Hidden gems of BigQuery — P7 — Safety first

Artem Nikulchenko
Google Cloud - Community
8 min readJan 5, 2024

This is a series of posts about amazing BigQuery features. Since there are so many of them, some of them can get lost. So, I’ve decided to cover my favorite:

And this post is about:

  • BigQuery version of TRY…CATCH
  • RAISE, ERROR
  • SAFE_ operations
  • SAFE. functions
  • SAFE_CAST

What is that, and how is it related to BigQuery? It is Vision model results for the request “Exception handling in BigQuery”. So, Vision thinks it is related :) And it looks cool.

Intro

BigQuery is a VERY complicated system that relies on multiple distributed resources for both storage and computing (which also means — a lot of network). As a result, there are many things that can go wrong at any moment.

Likely, thanks to the brilliant BigQuery Team, none of us needs to worry about that :) (unless you are actually part of BigQuery SRE Team…).
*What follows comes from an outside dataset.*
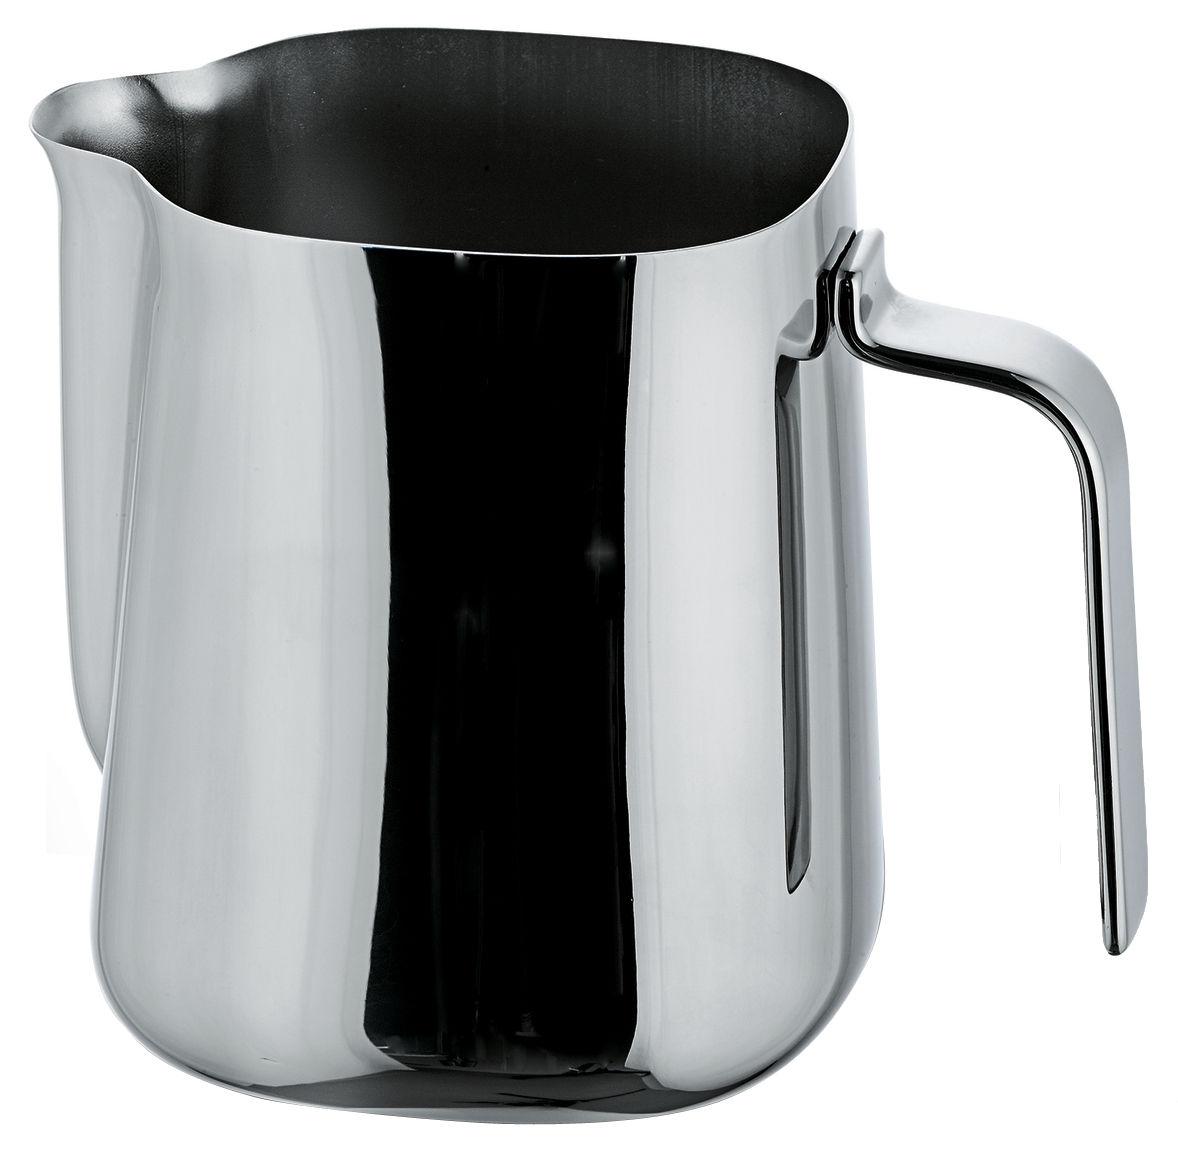 Cuisine - Sucriers, crémiers - Pot à lait 401 - A di Alessi - 3 tasses - Acier inoxydable

As a users of BigQuery, none of those issues would be visible to us.

So, the only exceptions that we need to worry about — are exceptions generated by our code. And that is what this post is about…

Exception handling

As a Developer, you are probably familiar with standard Exception processing construction like TRY…CATCH.

BigQuery likely has something very similar to that!

If you want to catch (and hopefully process) an exception generated by some of your query statements, you can use BEGIN…EXCEPTION block.

BEGIN
sql_statement_list
EXCEPTION WHEN ERROR THEN
sql_statement_list
END;

It actually works very similar to TRY…CATCH blocks that you may be familiar with. If any exception happens between BEGIN and EXCEPTION statements — execution is interrupted, and code after EXCEPTION block is executed.

Here is a simple example:

BEGIN
SELECT 1/0;
EXCEPTION WHEN ERROR THEN
SELECT 1;
END

Do we know anything about the exception at this point? Yes!

Error variables

We have four variables that allow us to learn more about what has happened:

@@error.message — Specifies a human-readable error message.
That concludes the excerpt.